The most common complaint from brand teams experimenting with generative production is not quality. It is drift. Image one is excellent. Image twelve is a different brand.
Why drift happens
Generative models optimise for plausibility, not for repetition. Every run is a fresh sample. Without something anchoring it, the output will wander toward the average of everything the model has seen — which is, by definition, not your brand.
What actually holds a look together
- A reference set, not a prompt. A curated, deliberately small body of approved imagery that defines the target. Prompts drift; references anchor.
- Fixed parameters. Lens behaviour, colour temperature, contrast curve, depth of field, grain. Written down and reused, not rediscovered.
- Composition rules. Where the subject sits, how much air, what the horizon does. Layout is half of brand recognition and it is fully controllable.
- A fixed post treatment. One grade, one grain, one finishing pass applied to everything. This alone removes most visible drift.
- Built elements. Product, type and logo composited rather than generated, so the parts that must be identical always are.
A brand look is a set of constraints. Generative tools have no opinion — so you have to supply one.

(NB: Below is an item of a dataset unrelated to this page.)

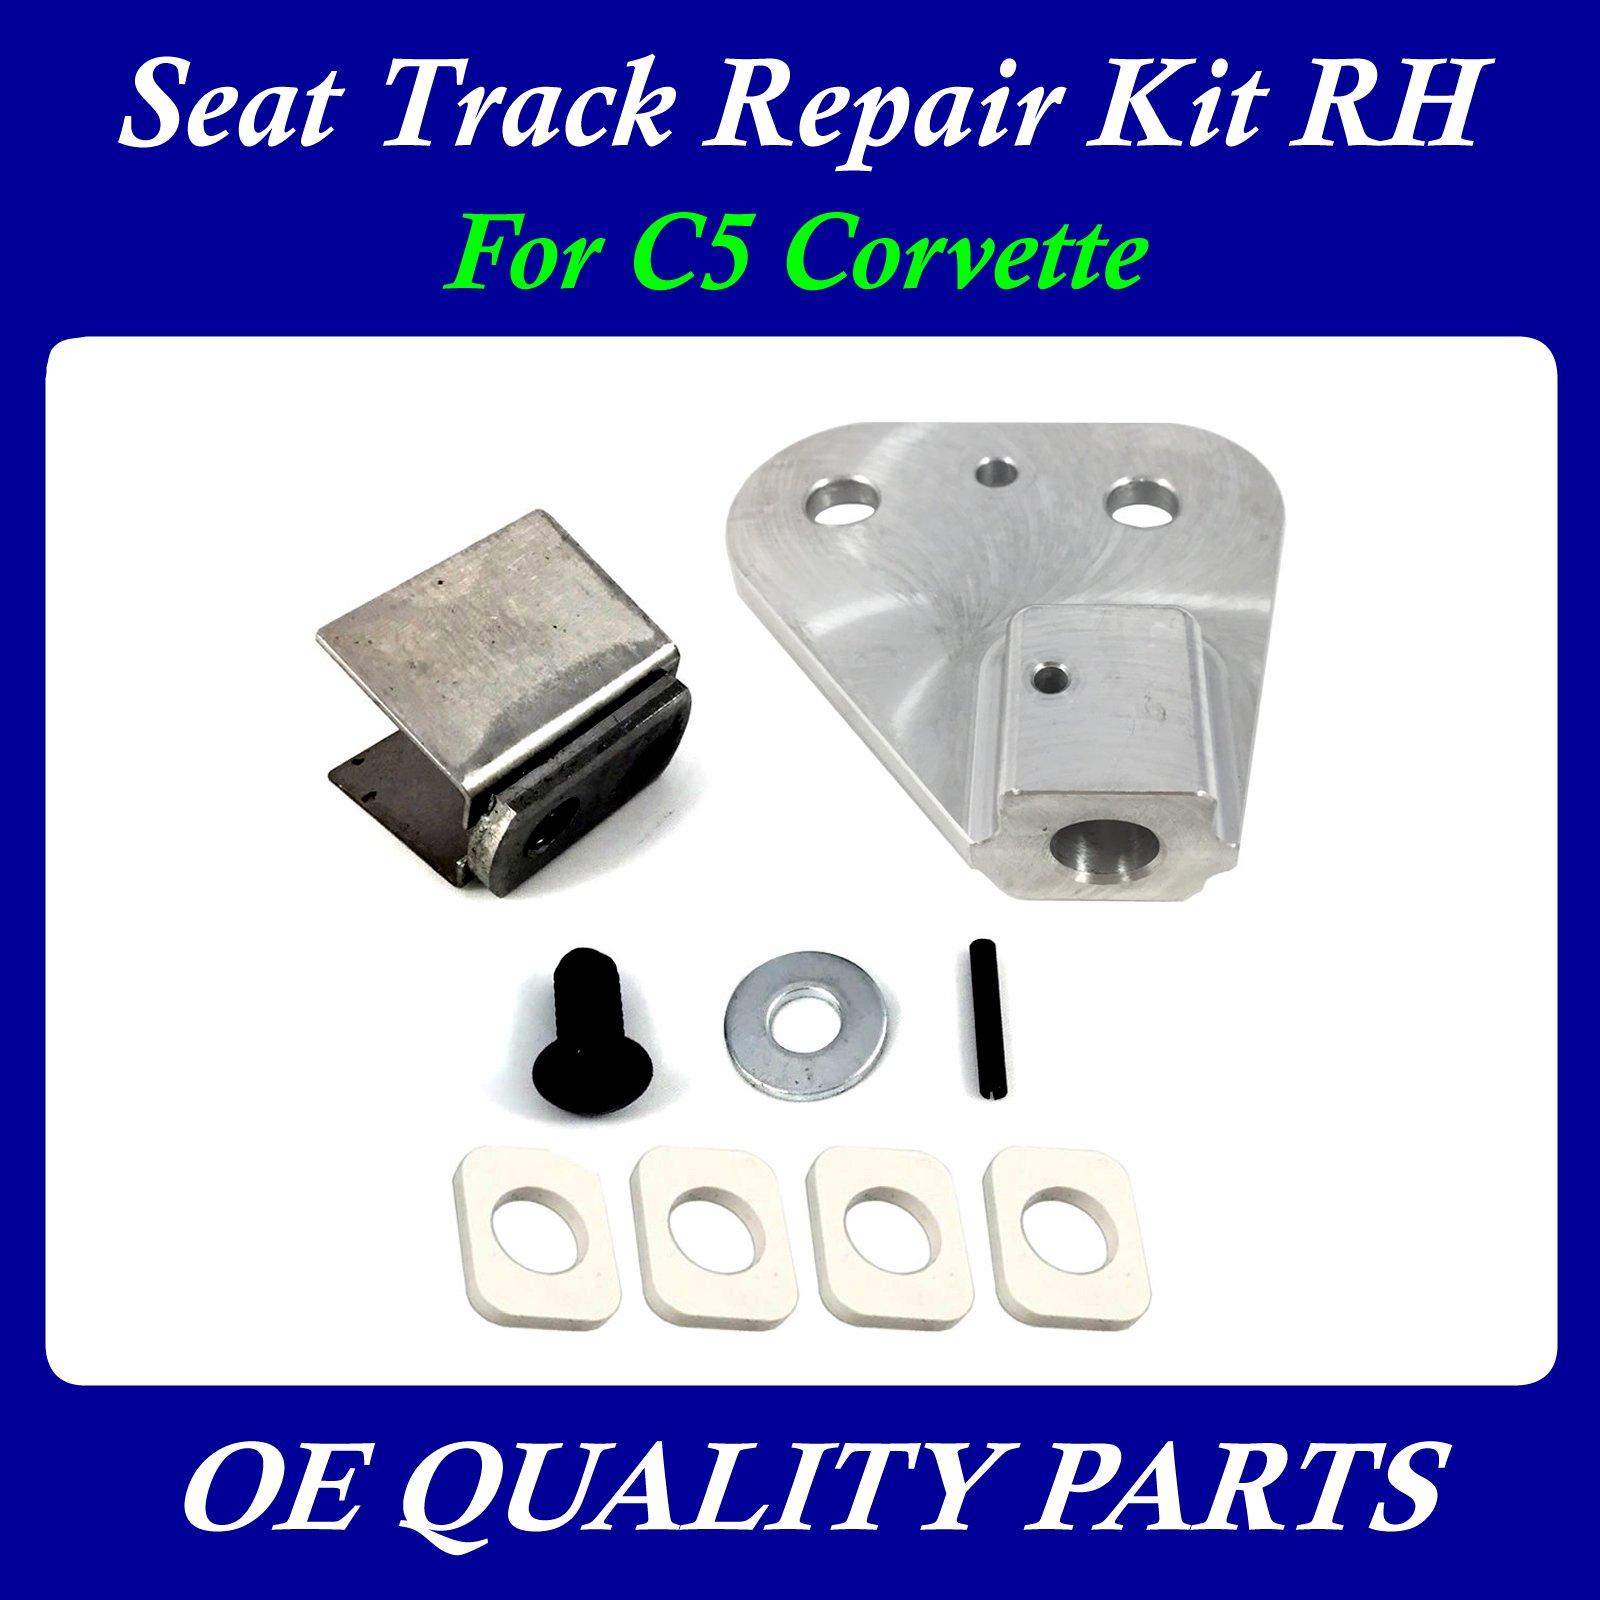 2 seats C5 /& Z06 Corvette Seat Track Repair

Documenting it so it survives
A system that only works when one person runs it is not a system. The deliverable is not a folder of images — it is the reference set, the parameters, the post recipe and the rules, written so an in-house team can produce asset two hundred without asking anyone.
The honest limitation
Even a good system will not deliver frame-exact repetition. It delivers family resemblance — which is what brand consistency has always actually been. Where exact repetition is required, that element gets built and composited. Knowing which elements those are is the whole design of the system.